In Python, the status is one of three types: `Queued` (has `position`), `InProgress` (has `logs`), or `Completed` (has `logs` and `metrics`). In JavaScript, check the `status` string field: `"IN_QUEUE"`, `"IN_PROGRESS"`, or `"COMPLETED"`.

<CodeGroup>
  ```python Python theme={null}
  def on_update(update):
      if isinstance(update, fal_client.Queued):
          print(f"Queue position: {update.position}")
      elif isinstance(update, fal_client.InProgress):
          for log in update.logs:
              print(log["message"])

  result = fal_client.subscribe(
      "fal-ai/nano-banana-2",
      arguments={"prompt": "a sunset"},
      with_logs=True,
      on_queue_update=on_update,
  )
  ```

  ```javascript JavaScript theme={null}
  const result = await fal.subscribe("fal-ai/nano-banana-2", {
    input: { prompt: "a sunset" },
    logs: true,
    onQueueUpdate: (update) => {
      if (update.status === "IN_QUEUE") {
        console.log(`Position: ${update.queue_position}`);
      } else if (update.status === "IN_PROGRESS") {
        update.logs?.forEach(log => console.log(log.message));
      }
    },
  });
  ```
</CodeGroup>

## When to Use

Synchronous methods are best for simple scripts, prototyping, and any situation where you just want the result without managing the request lifecycle. Use `run` when you want the fastest path with no overhead. Use `subscribe` when you want queue-backed reliability with automatic retries.

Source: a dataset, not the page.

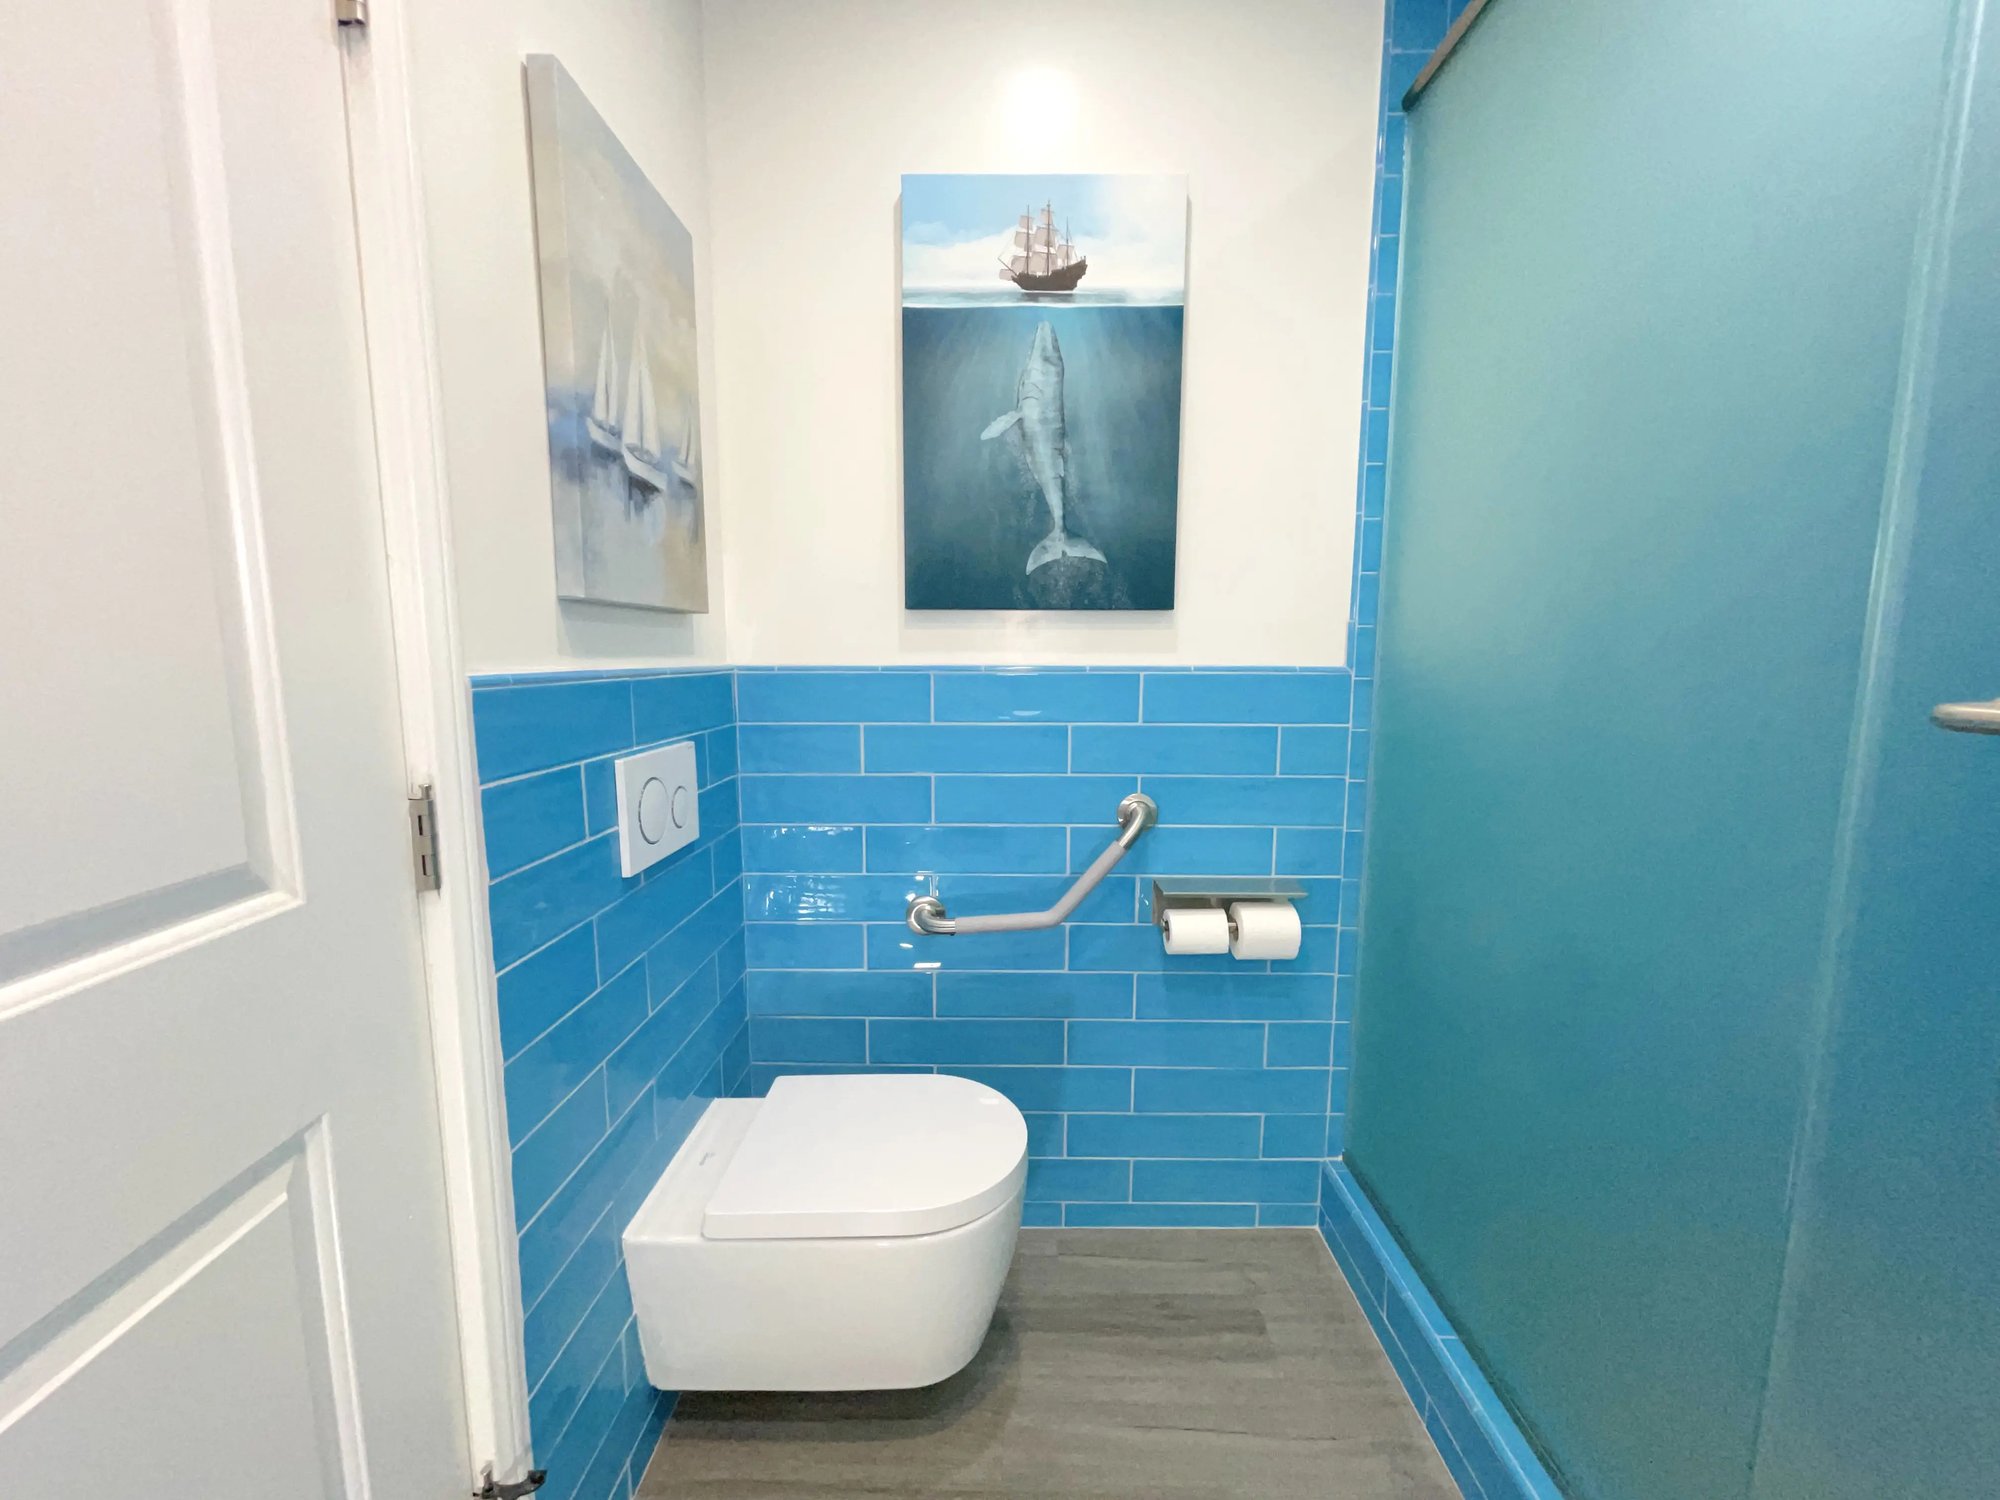 A wall hung toilet by Geberit was installed for the master bathroom.

For production workloads that need parallel request processing, webhooks, or full visibility into queue status, use [async inference](/documentation/model-apis/inference/queue) instead.

## Error Responses

When a request fails due to infrastructure issues (timeouts, runner errors, etc.), the response includes a JSON body with `detail` and `error_type` fields, along with an `X-Fal-Error-Type` header. For the full list of error types and their meanings, see [Request Error Types](/documentation/model-apis/request-errors).

For model-level validation errors (invalid inputs, content policy violations, etc.), see [Model Errors](/documentation/model-apis/errors).